Yeah, with that jet setting/touring part of your life gone do you feel like the spots that your songs come from have changed at all? Or is that still coming from somewhere internal?

I think the core of them haven't changed the things I'm writing about. But the feeling behind them has changed, it reminds me of when I was a kid and I wasn't playing shows, and I didn't have an audience. The process of writing and recording was this, like, it was more of a big leap of faith, just to do it. Then everything was a big dream, I would dream about playing and dream about having people who cared about it.

I've gotten back to that place a little bit and I think their result has been an album that actually feels more like a live dream sequence than I could have imagined because I'm not in that conversation that I normally am when I make records where I'm playing, and then I'm recording.

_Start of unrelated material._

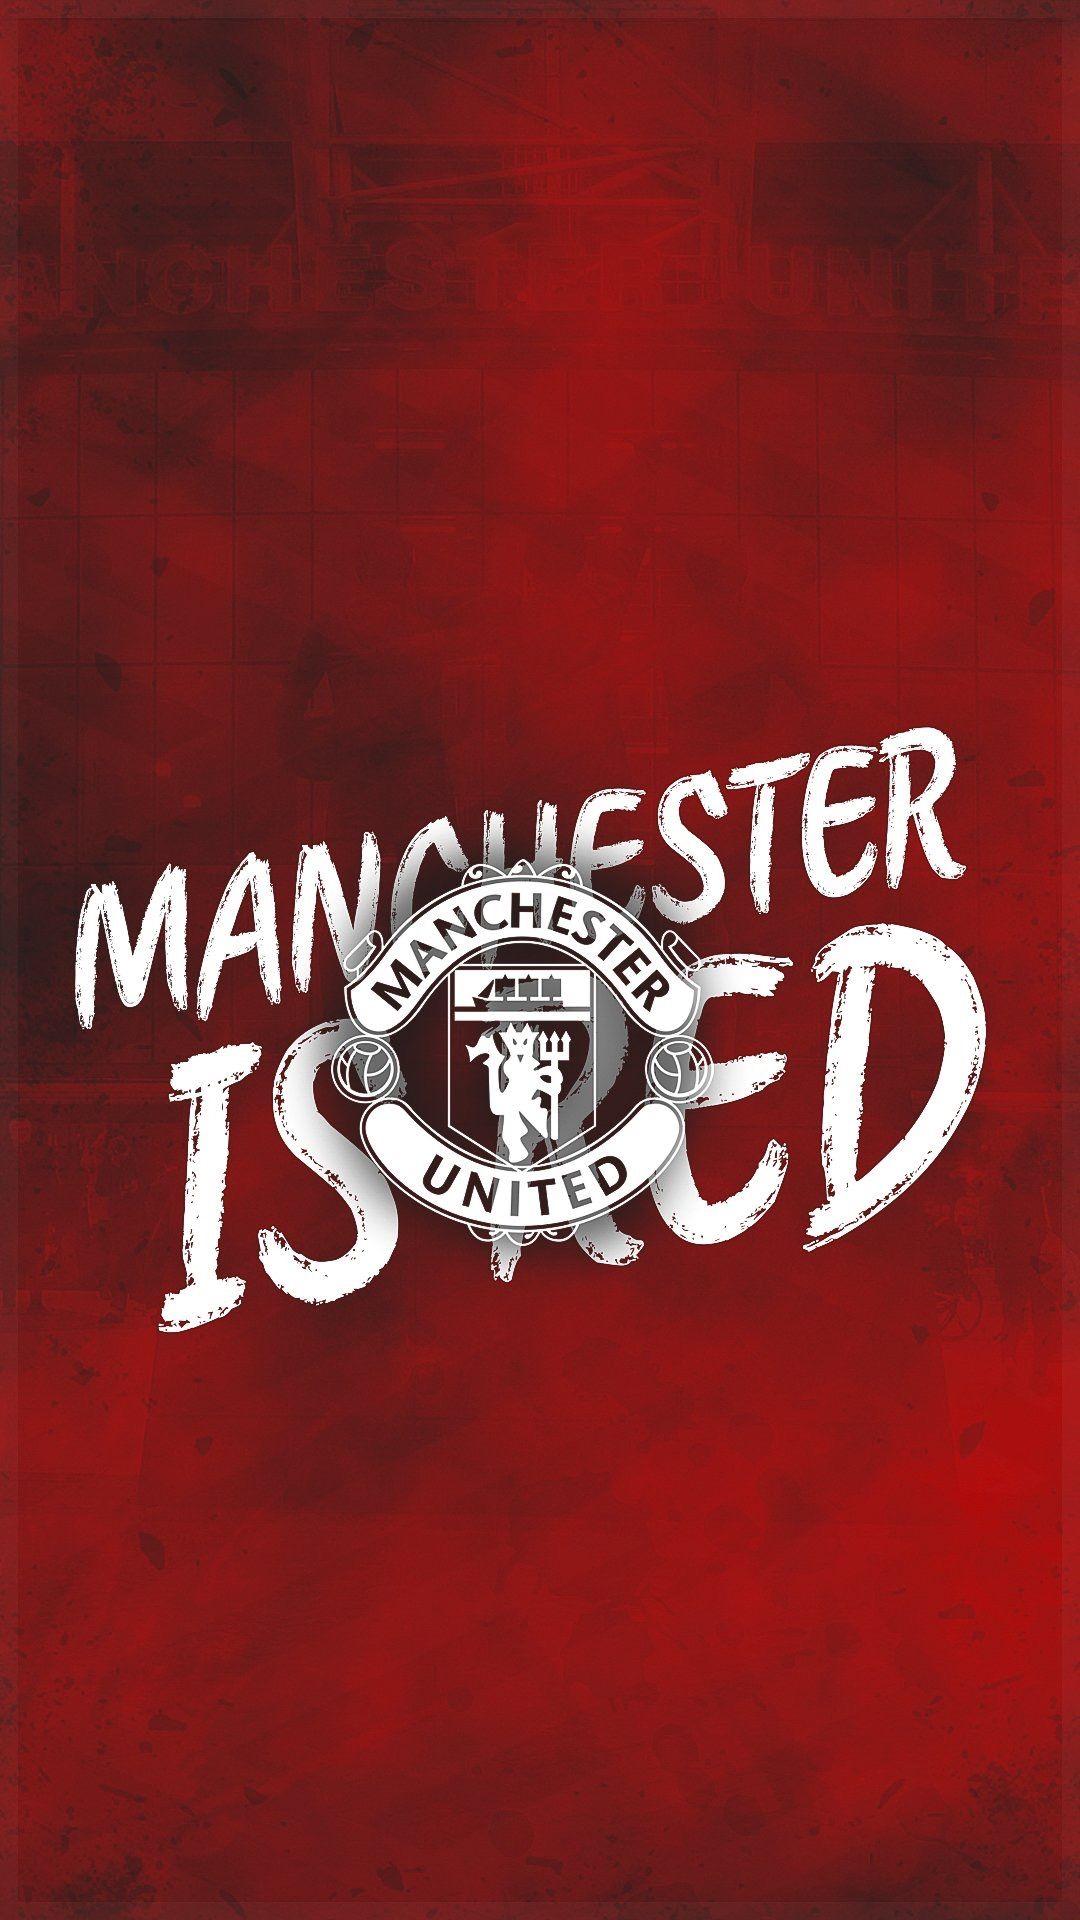 Pin oleh Wiwit Punto di Manchester Bola kaki, Gambar

Yeah, with this upcoming Bleachers record what do you think people are going to hear that is different from the records that you've put out in the past? It's been now I guess, what, three, four years since the past record? What do you think has changed?

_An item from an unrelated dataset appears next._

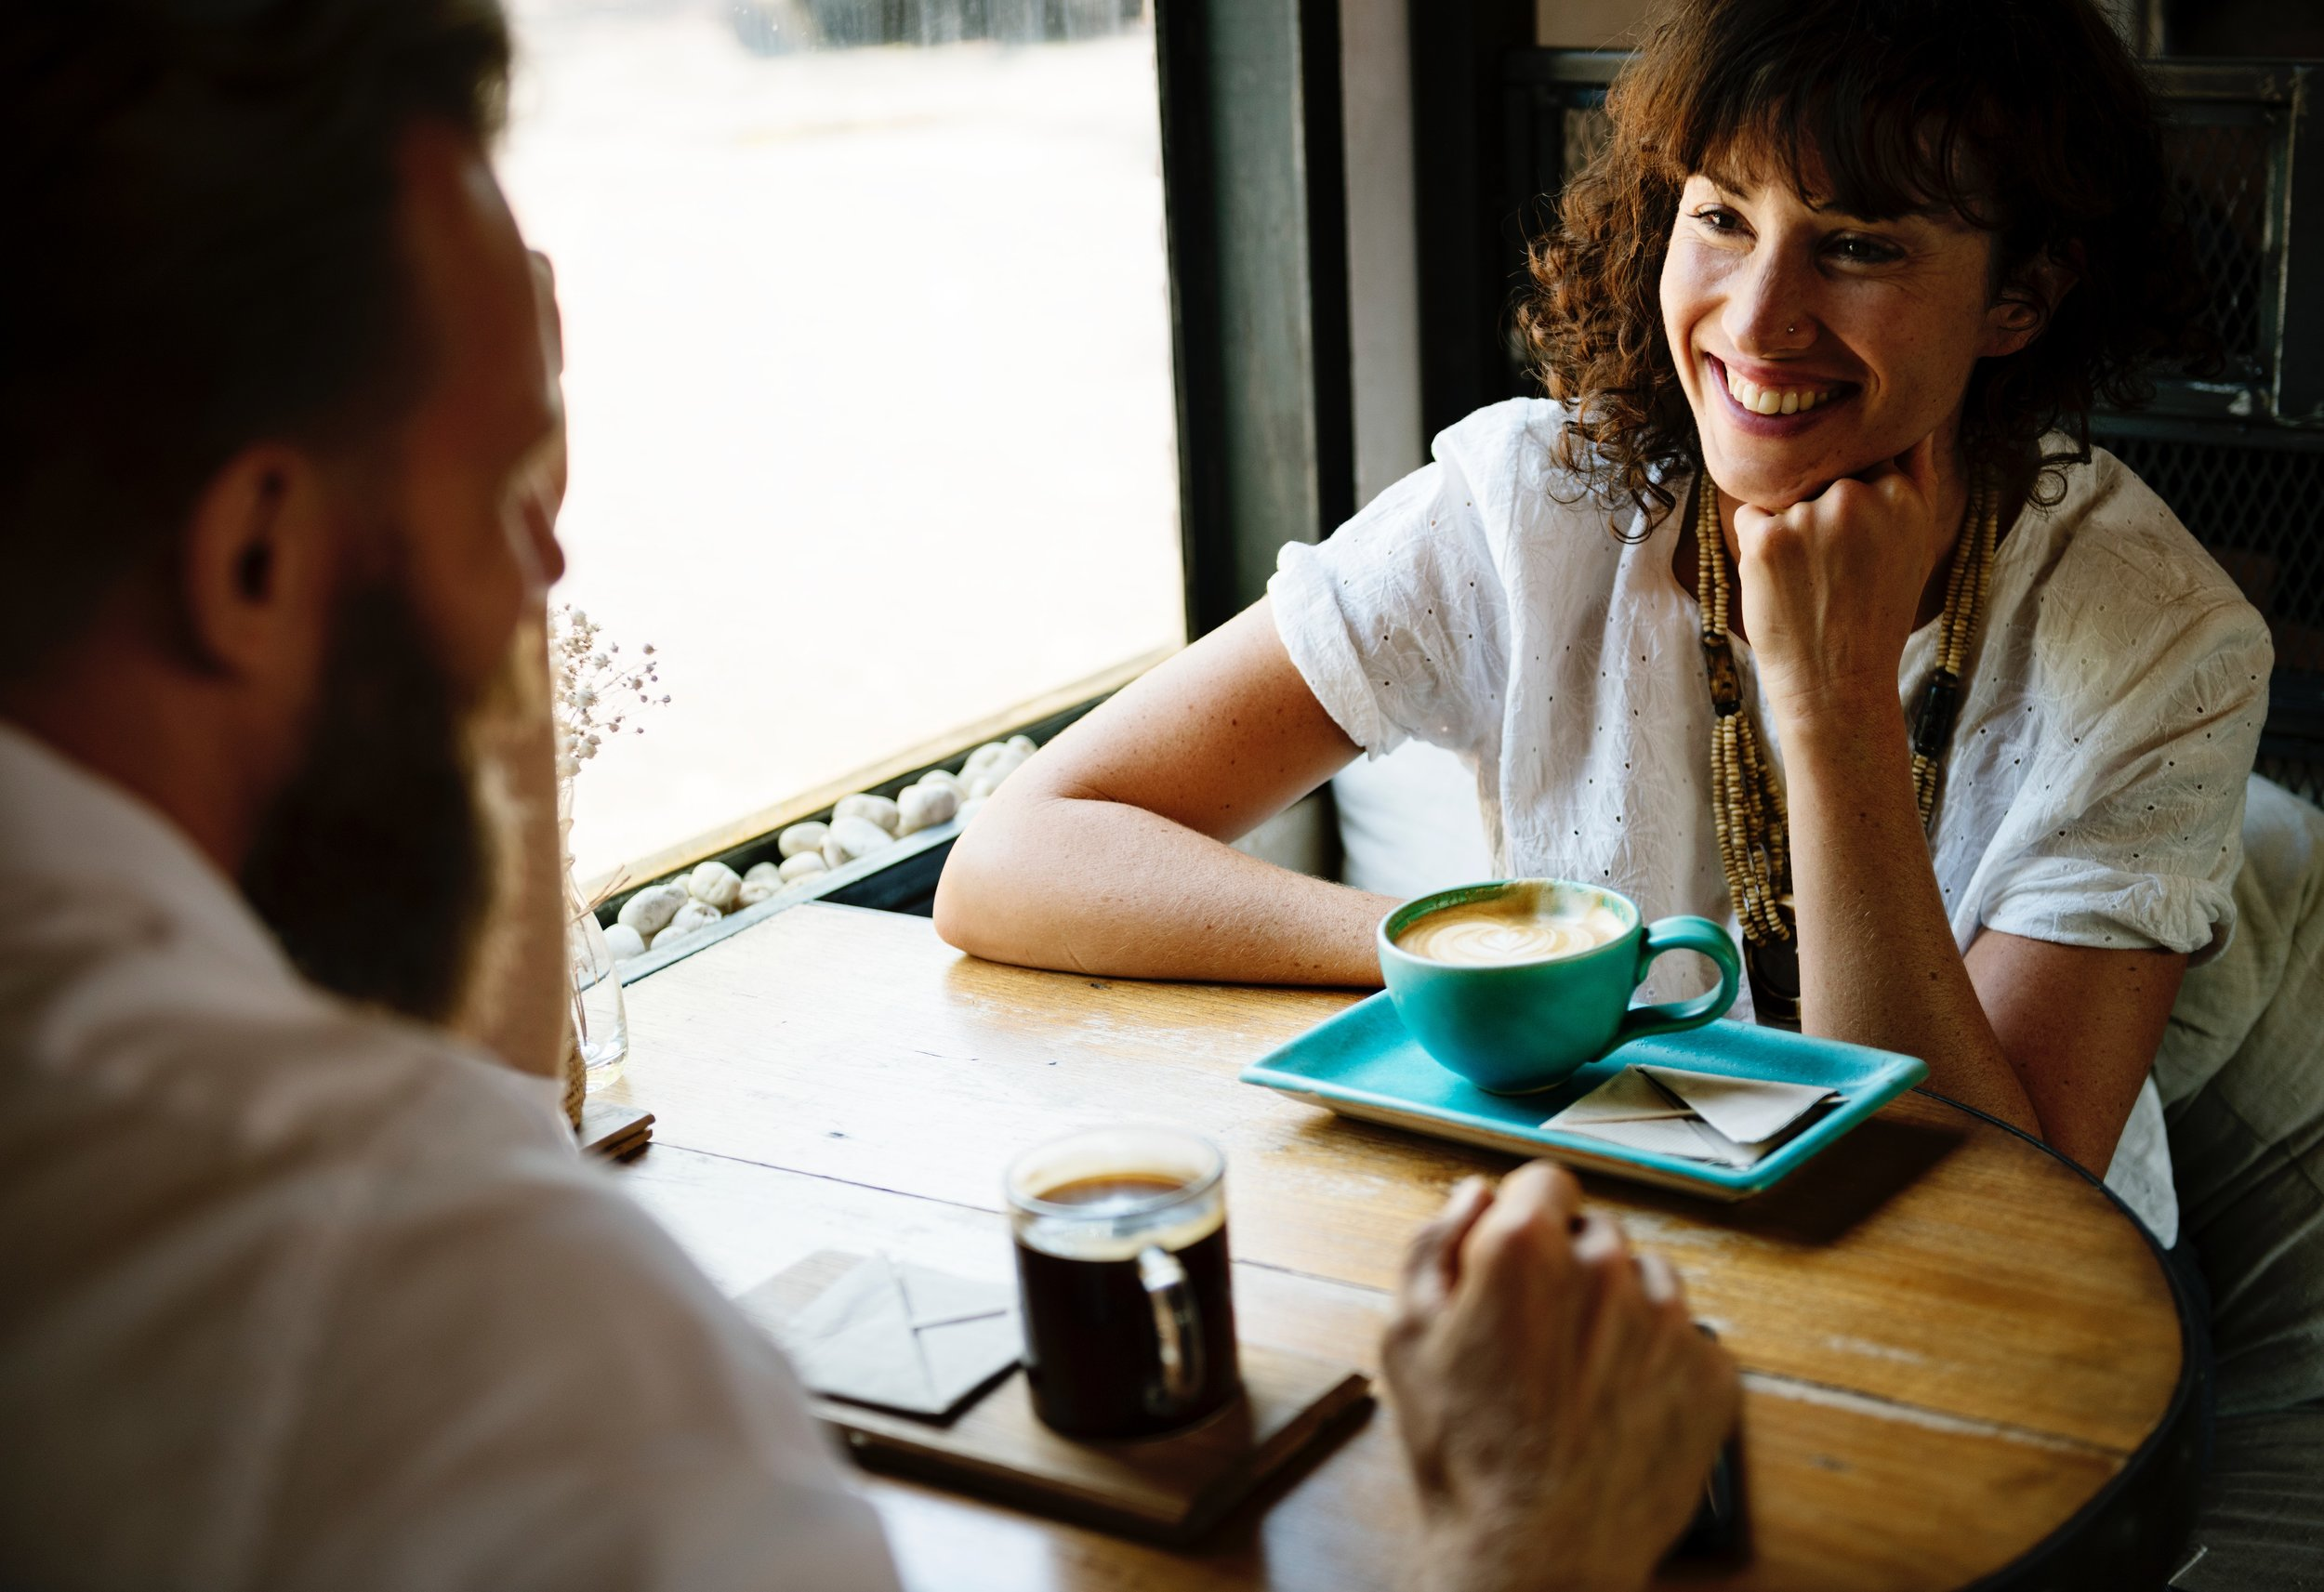 Photo credit:https://www.pexels.com/photo/beard-beverages-break-cafe-630831/

The biggest thing is, you know, the bigger a band gets, the more you feel intent on speaking to the audience. That's the only real goal of what we're trying to do out here is to find our people and then talk to them. And that people group of people can expand but it's not about casting some insane wide net to find everyone. It's about having this like really intense furthering conversation with the people who are there. That's been a really interesting thing about this album as a third album, because it feels like there's things I can get into--almost like a TV show where people know the context. It's not about, you know, on my first album, I felt like a lot of stuff, which I love, but it was like Cliff Notes of my life. Now I can just, I don't know, maybe cut a little deeper.

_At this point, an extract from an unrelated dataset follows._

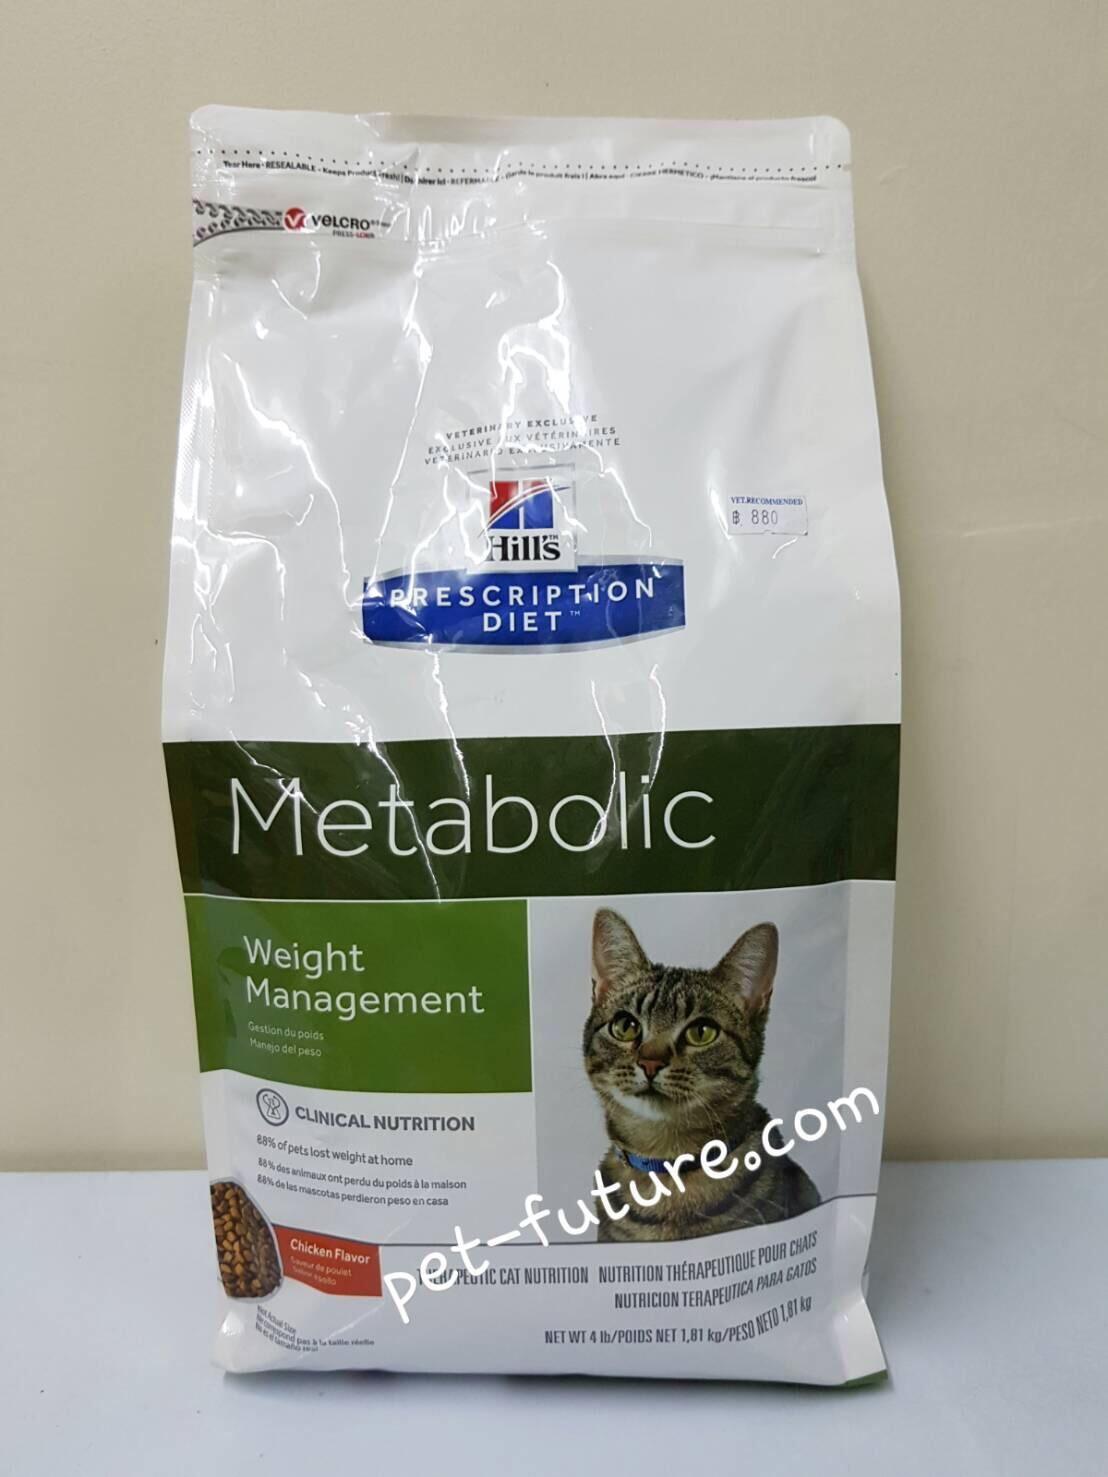 Metabolic feline 1.5 kg. exp.10/18 แบบใหม่ค่ะ

Yeah, kind of returning to a new season of a show where people already know the characters.

Yeah, I feel like, I have to explain things less, and I can just reference them or a feeling or then you end up sort of writing about your experiences within a project, even the experience of this band. It's like, there's things to reference within that, even musically, that certain people who've been listening will pick up on.

Definitely. Now you've been absolutely super busy producing and co-writing records with a ton of artists of the past couple years, like The Chicks and Taylor Swift and Lana Del Rey, how does your songwriting process differ when you're writing stuff for Bleachers, than when you're collaborating with other artists?

Oddly similar and oddly different all at once, which I know sounds silly, but similar in that the goal is the same, completely the same. It's just, there's a feeling or a part of you that needs to be documented and you're just throwing the goalposts and chasing it. It's different I would say mostly, because if it's Bleachers, it's kind of like the sound of me wrestling with myself. If I'm working with someone else, I feel like I'm really supporting someone and bouncing off each other to get rid of all the parts that are trap doors where you can get lost in something, and just like stay on a track.

It's very odd because they're inherently different because it's alone versus with someone. But I do feel with writing and making records, you're almost praying to this God, that you're hoping you get the ideas and you can create them so that process is the same. That version of prayers is doing it, doing it, and doing it and not settling and cutting closer and closer to the bone on everything and really listening to your gut on things, because it's really wrong to stray away from your gut if you're in this kind of work.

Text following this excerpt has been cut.